Closed JamesOlvertone closed 2 years ago
zlatinb
commented
2 years ago Hi I've seen this crash. It happens because Mu Wire filters certain characters when searching by keyword. If you want to search for a regular expression surround the query in / like this /.*/ and it will work.
I'll add some warning to prevent the crash but I broke a finger so I won't be able to do it for another 2-3 weejs.
JamesOlvertone
commented
2 years ago Broken finger? Oh boy! Get well soon!
When I use /.*/ I get a lot of results and muwire is responding very very slow, I have to kill it.
JamesOlvertone
commented
2 years ago Yes there are now some warning. I get no warning for "/.*/". Ok technically its a correct search term, mw does not crash but becomes unresponsive very soon.
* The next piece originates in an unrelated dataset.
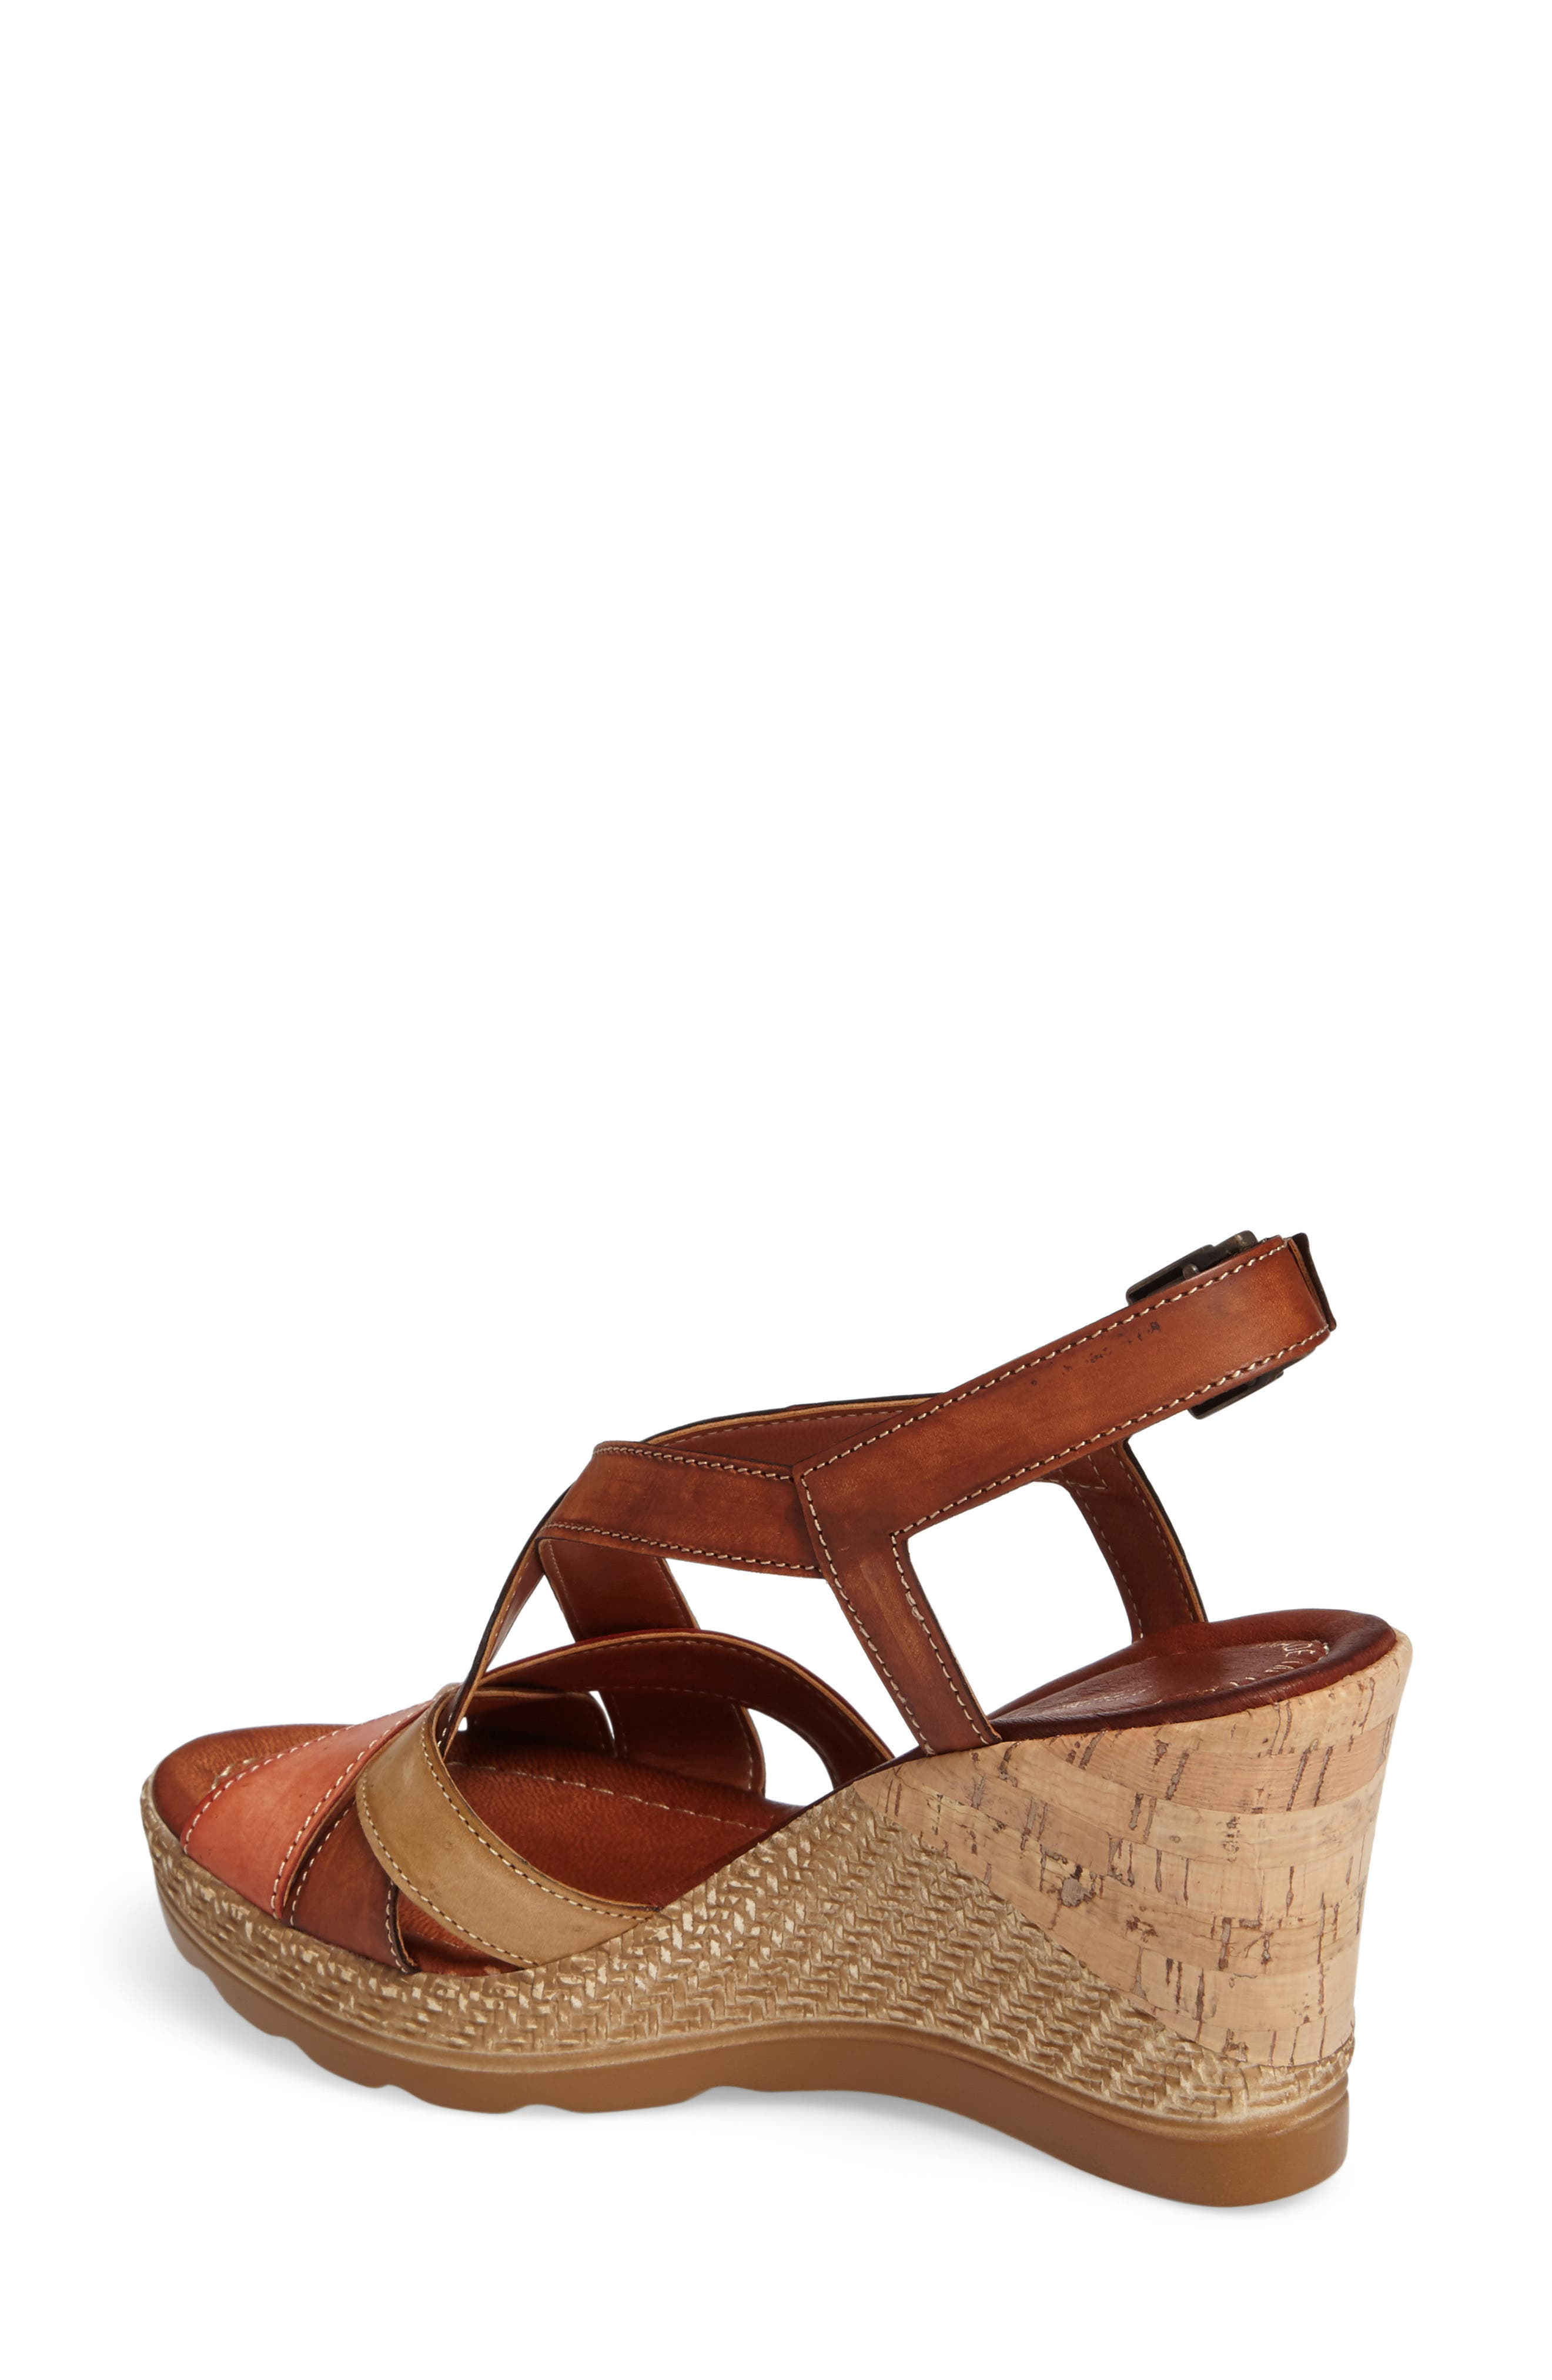 Modena Wedge Sandal,                             Alternate thumbnail 2, color,                             Cognac Leather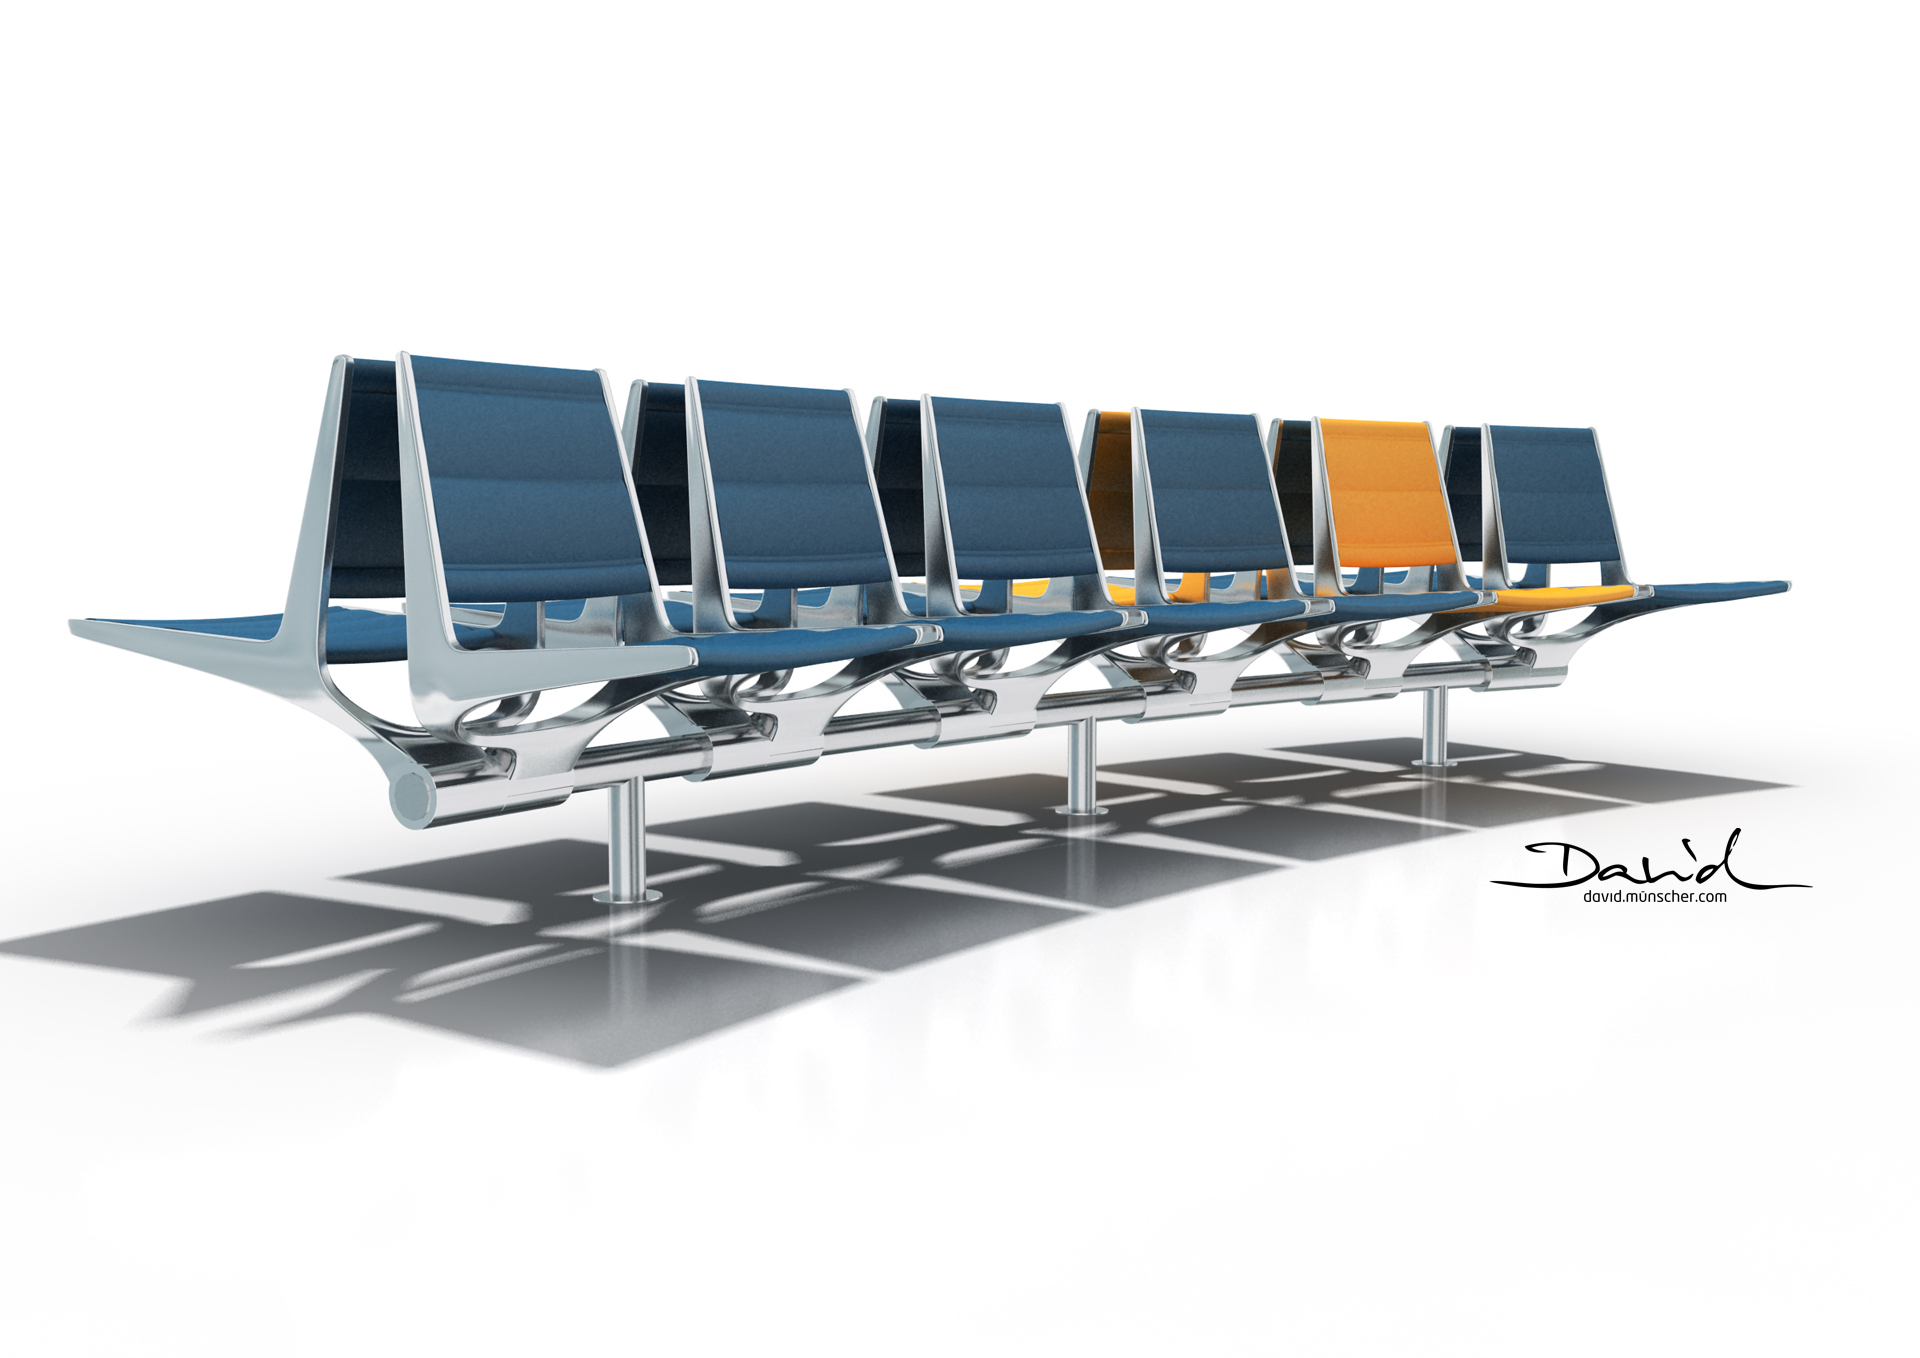 Modular Airport Seating

I think this kind of search term should be blocked.
Can such search terms be used to "denial-of-service" the muwire net?
zlatinb
commented
2 years ago I can't think of a good way to block a regular expression for being too wide. (I have some ideas but they are very preliminary.) Also, wide regular expressions help in load-testing MuWire; I would rather fix the GUI from becoming unresponsive than ban queries that may return many results. If you want, create an issue for the unresponsiveness and then we can try some things to address that.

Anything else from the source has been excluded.